Taxpayers should not be required to fund a news outlet. As I testified to the House Energy and Commerce’s Subcommittee on Oversight and Investigations in May, state-funded media outlets have no place in a free society.
Yet Americans have been stuck subsidizing National Public Radio (NPR) since 1970. A grand total of $28 billion has been shoveled at the radio network, even as it has run stories as deranged as how the names of bird species are racist and a justification of looting.
The fact that consumers have an endless supply of high-quality podcasts not subsidized by the taxpayer renders NPR unnecessary. The fact that NPR is a taxpayer-funded propaganda machine for the Democratic Party, staffed with left-wing ideologues, makes any Republican voting to fund it downright masochistic.

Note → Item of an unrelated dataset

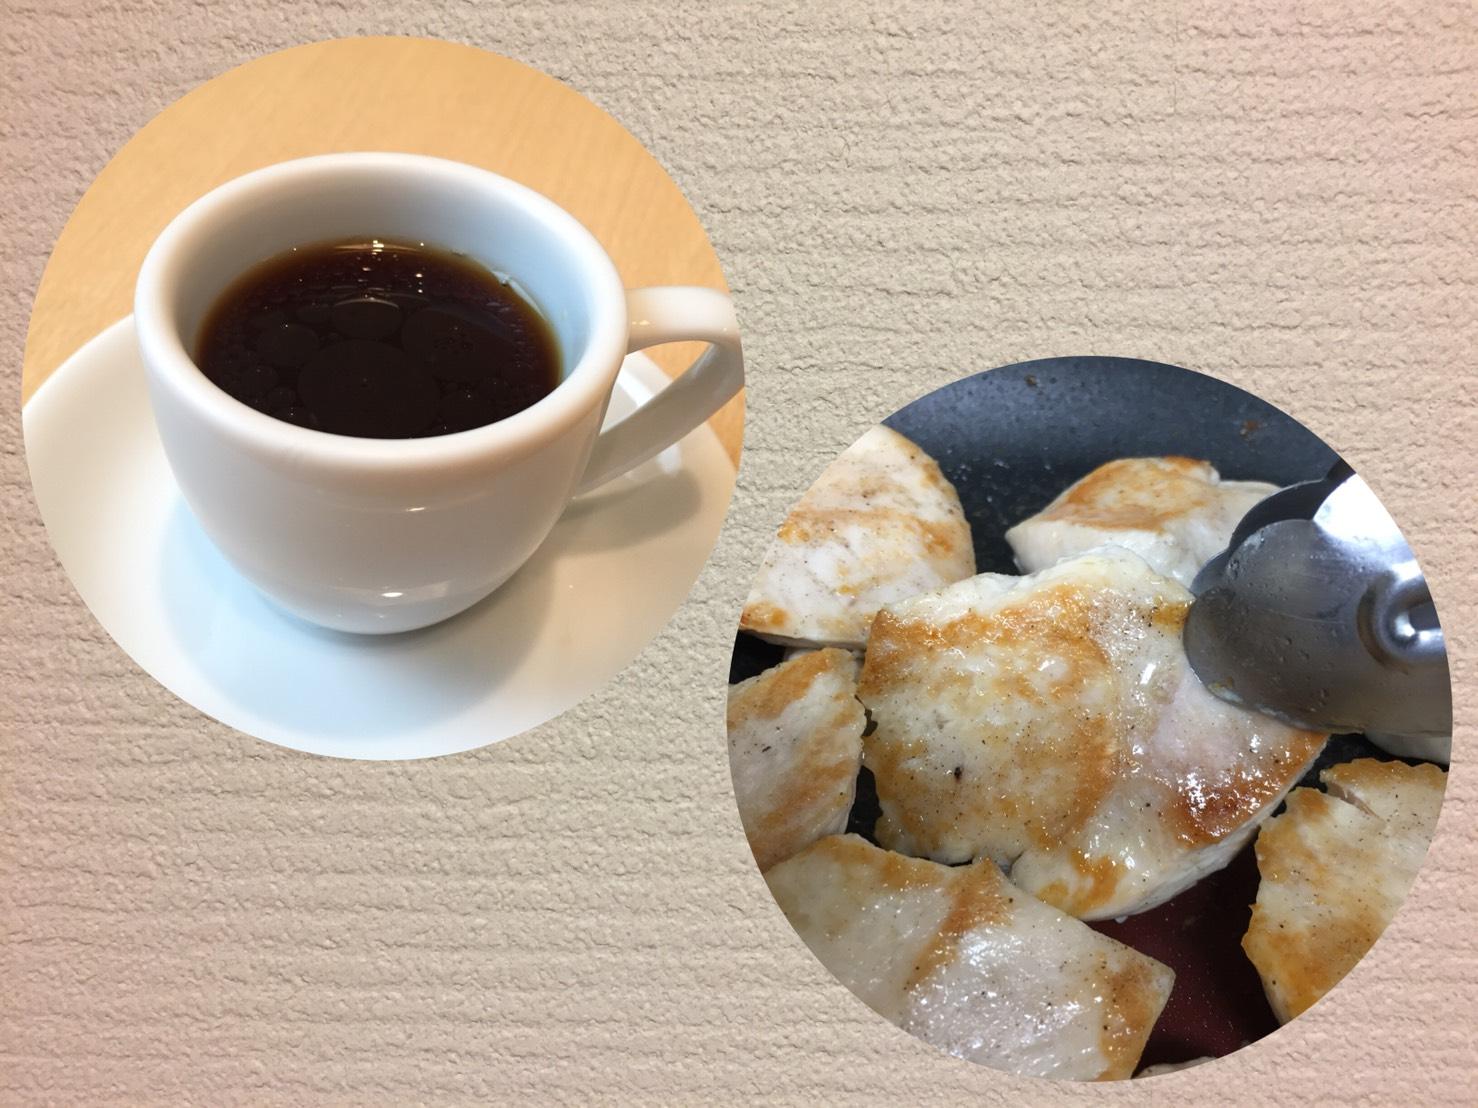 COCONPURE(ココンピュア)の使用方法【コーヒーに加える、料理油として利用、保湿美肌効果の検証】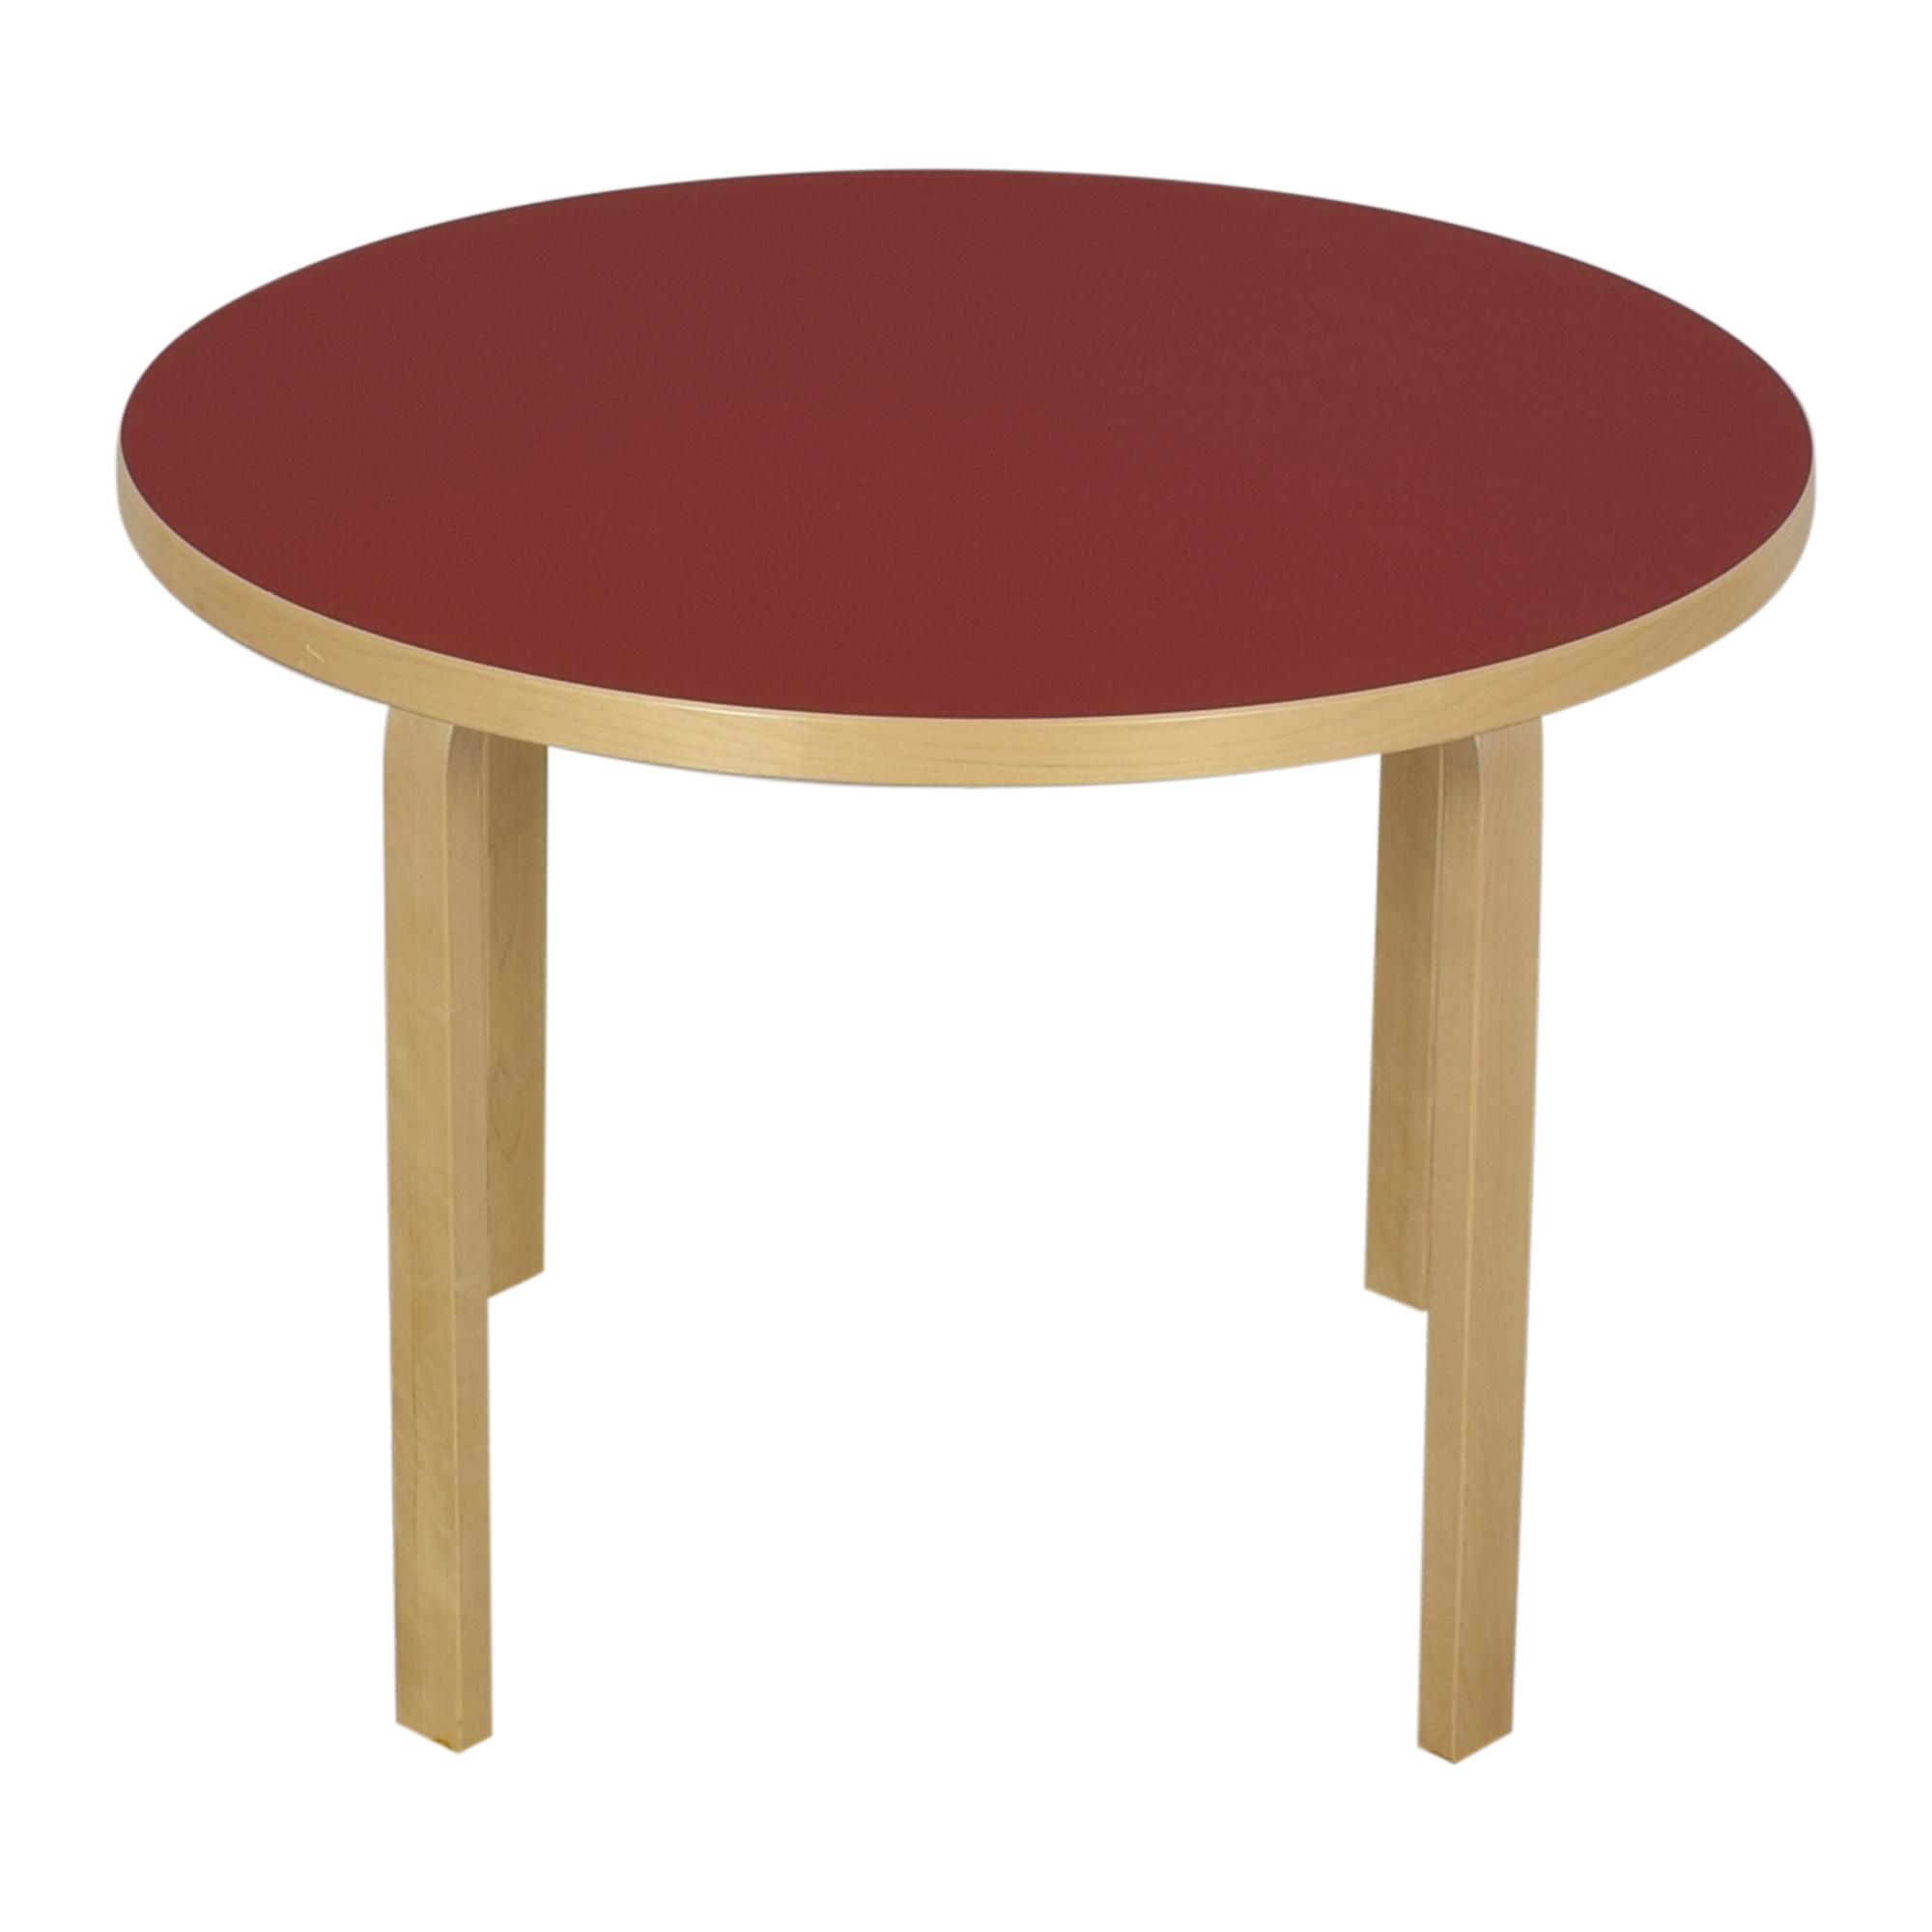 buy Artek Alvar Aalto Table 90a Artek

Republicans could completely defund the Corporation for Public Broadcasting in a reconciliation package next year. CPB is requesting $565 million for the next fiscal year — over a decade, that’s $5 billion dollars in tax cuts you’ve paid for.
Some Republicans will object, citing the CPB talking point that over 70 percent of funding goes to affiliates stations, not the national outlets. In fact, NPR claims that only about 1 percent of its funding comes from taxpayers.
If this is true, Republicans should cut 30 percent of CPB’s budget outright and include a rider that restricts tax dollars to keeping affiliates afloat in rural markets. But this would be a half measure because of the shell game that launders taxpayer funding for NPR through affiliates.
Officially, 31 percent of NPR’s funding comes from licensing fees paid by affiliates. These stations receive $128 million in federal grants annually. Affiliates are required to keep track of how much of their federal grants end up back with NPR, but a 2011 GAO audit of 29 stations found that the majority did not maintain these records. There has been no significant audit since.
If they won’t defund NPR completely, Republicans have two options in a reconciliation package. They can cut CPB’s topline and include a stipulation that affiliates may not use their CPB grants to pay licensing fees to NPR. They can also defund NPR through the tax code by prohibiting any federal funding for NPR and include a new box on tax returns for taxpayers to make a voluntary donation, similar to the Presidential Elections Fund.
Democrats will object to a voluntary contribution because of threats to democracy, or whatever. But reasonable people will agree that taxpayers should volunteer their money for a media outlet like NPR. In this compromise, NPR is still getting hundreds of millions of dollars in free advertising by having their fundraising appeal mailed to every taxpayer in America, and Republican voters will no longer have to pay for a radio station that regards them with disgust.
It is the bare minimum Republicans can do with a trifecta, for their own sake as well as their constituents’. If they fail to act given the opportunity next year, they will have funded another decade of propaganda for the other party with our taxes.
James Erwin works on telecommunications and tech issues for Americans for Tax Reform and is Executive Director of Digital Liberty.